-- Raw data follows --

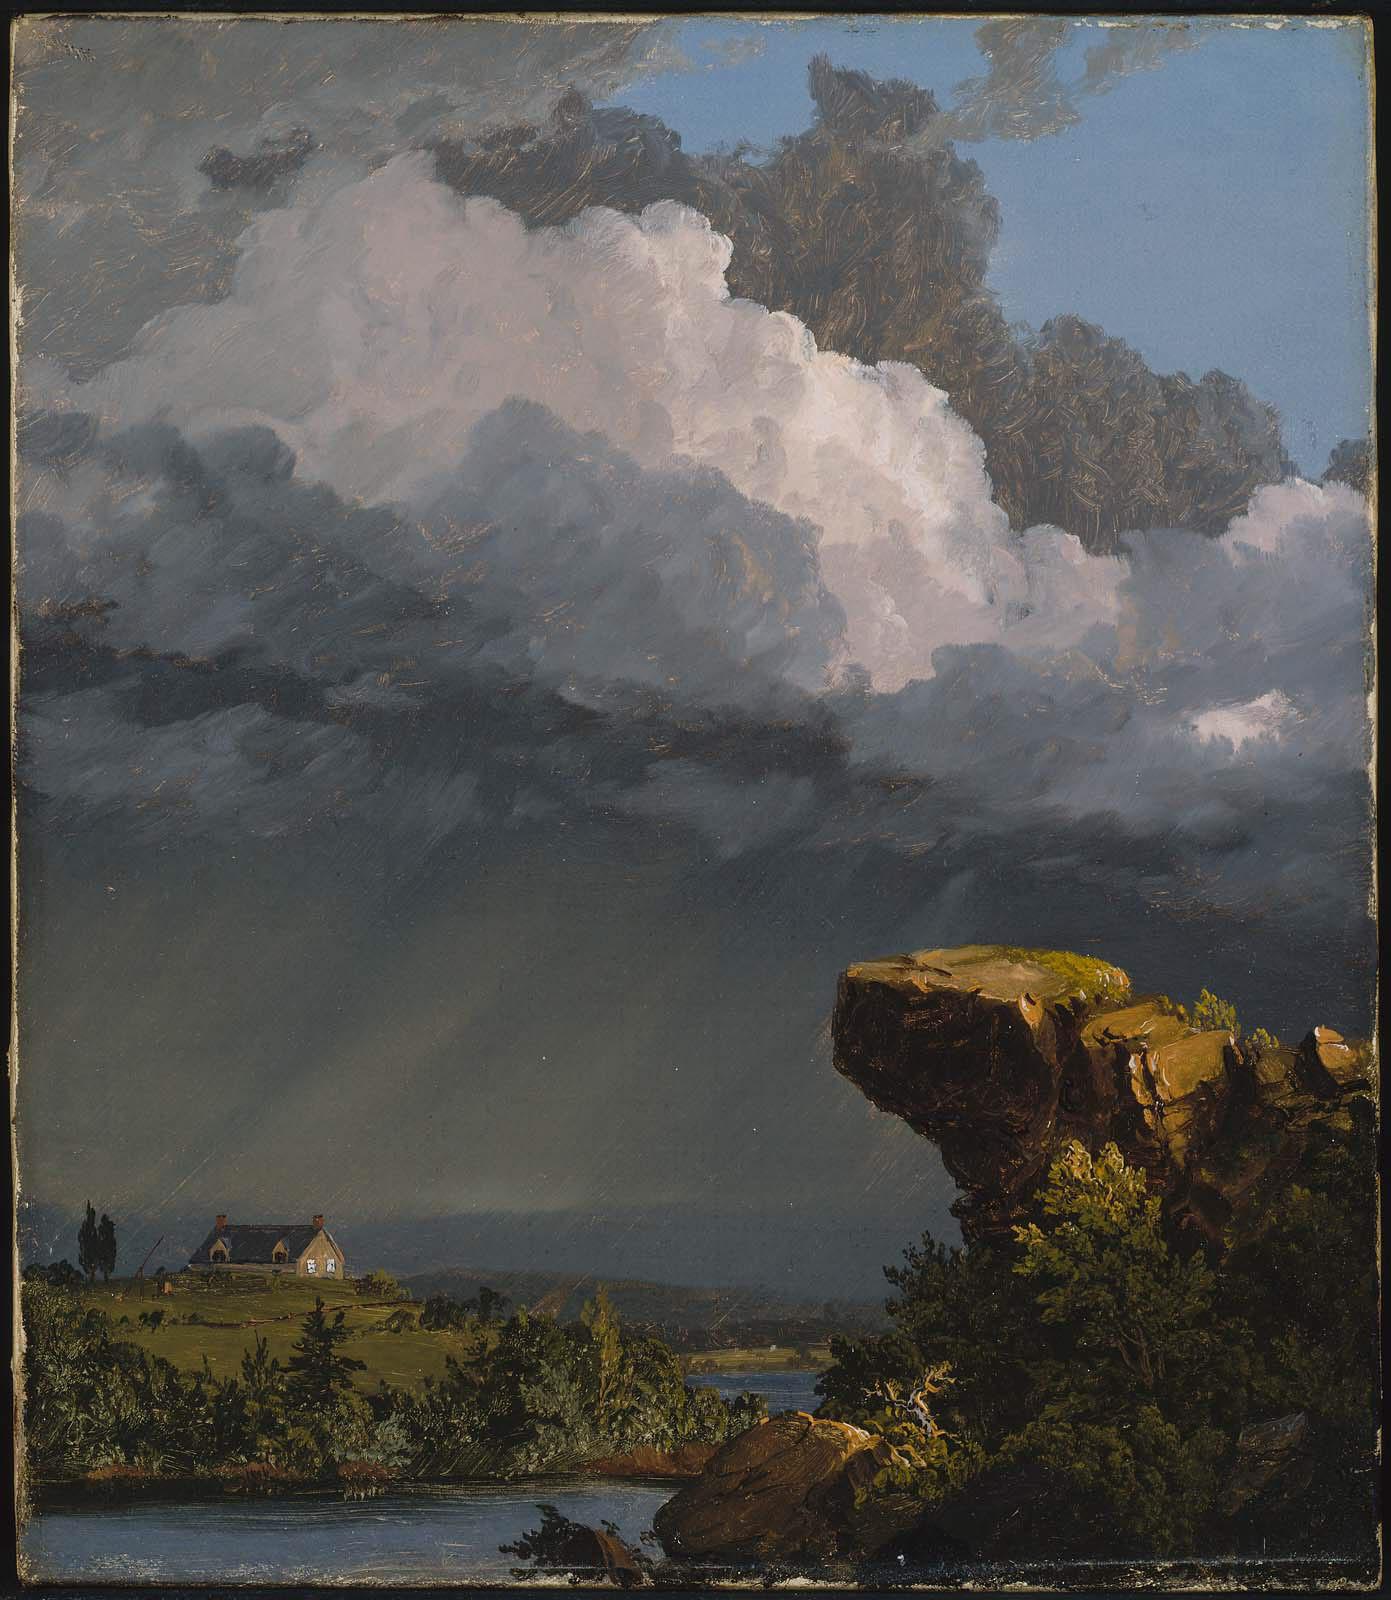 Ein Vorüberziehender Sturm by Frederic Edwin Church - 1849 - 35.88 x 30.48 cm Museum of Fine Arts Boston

-- Raw data concluded --
-- Raw data follows --

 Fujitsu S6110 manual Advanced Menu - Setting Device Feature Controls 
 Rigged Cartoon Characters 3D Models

-- Raw data concluded --

> **Task details**: Look above for the line with "Fujitsu S6110 manual" and the line with "Rigged Cartoon Characters 3D Models", and reproduce exactly those two lines plus every line between, nothing more.

> **Response to this exercise**:
 Fujitsu S6110 manual Advanced Menu - Setting Device Feature Controls 
 Rigged Cartoon Characters 3D Models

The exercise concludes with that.